Cybersecurity Training for Utilties |

Cybersecurity Training for Utilties

With growing concerns on securing critical infrastructure from cyber-attacks, Frakes Engineering joined 15 public and private sector organizations...

Recently we participated in a very unique exercise that was a government, public, private partnership of 15 entities. By utilizing the Muscatatuck Urban Training Center, a live, reality based training exercise was stood up for municipalities to bring their operators and superintendents to and experience first-hand what it’s like to operate a functional water plant while it is being hacked.

The center, which runs “complex” operational training exercises for the Department of Homeland Security, the military, civilian emergency responders and such is a 1,00-acre self-contained town with its own hospital, schools, and most importantly to us, a fully functioning water treatment plant. The treatment plant was taken off line last year, providing us the perfect opportunity to conduct a very unique exercise. A SCADA system was put together that represents a typical small water system control system consisting of two PLC’s controlling a surface water treatment plant equipped with two high service pumps and chemical feed systems. Each team was briefed on the characteristics of the water system and trained on the SCADA system. Once the system was being operated by the exercise participants, a “red team” of hackers attacked the system in many of the ways described in this article.

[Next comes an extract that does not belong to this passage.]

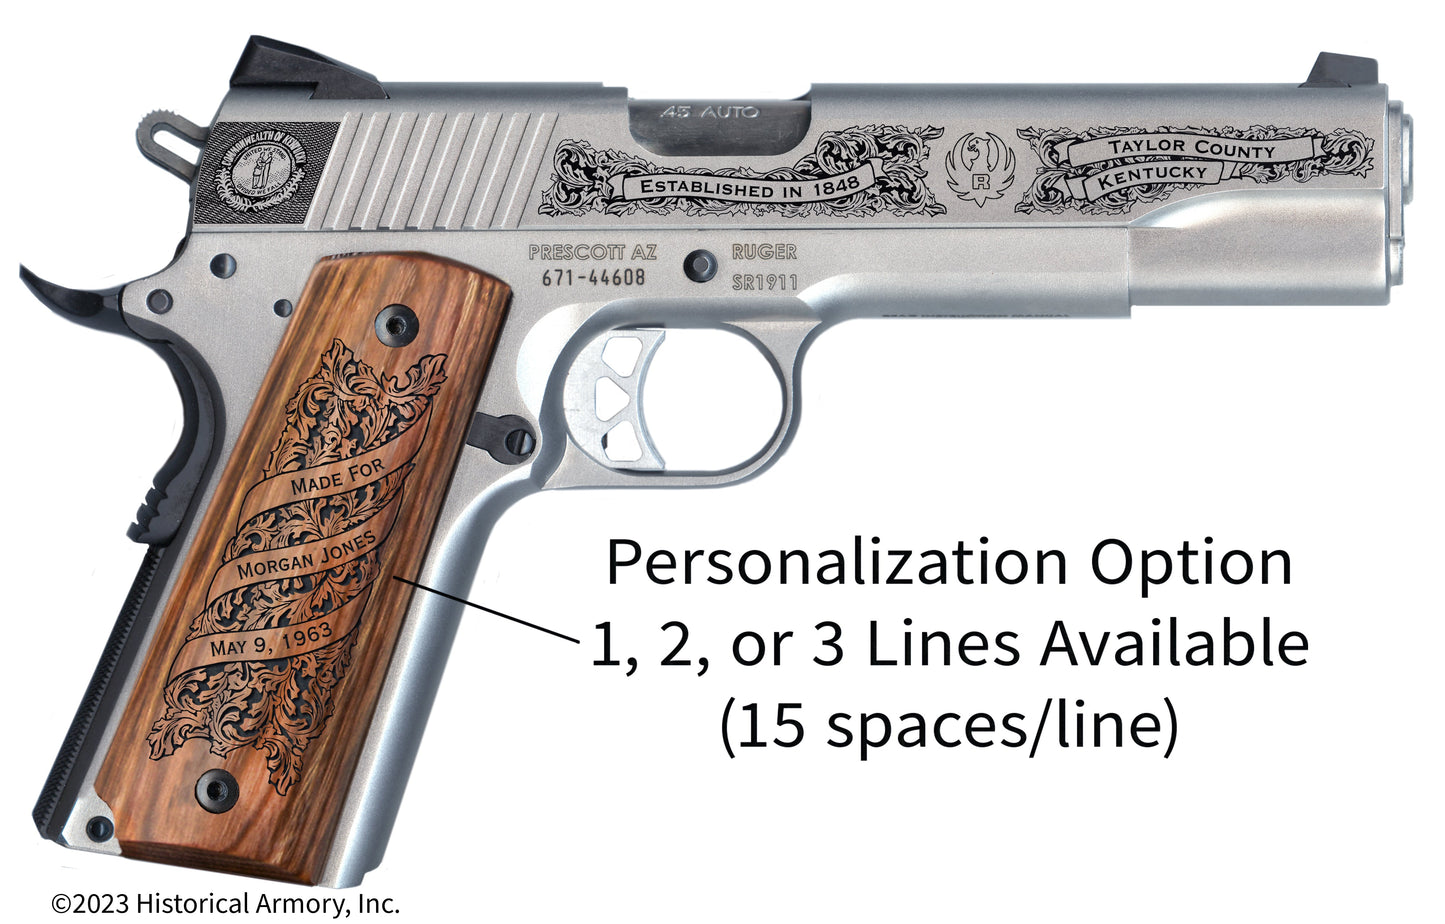 Taylor County Kentucky Personalized Engraved .45 Auto Ruger 1911

The operators were exposed to several attacks where they lost control of their plant and distribution systems. Once they determined that what they were seeing on their SCADA system was not in fact reality they then were exercised on how to respond and take manual control, who to notify they were the victims of a cyberattack and how to get their system secured and operational again, while not destroying forensic evidence that the State Police and the FBI would be able to use to track down the perpetrator.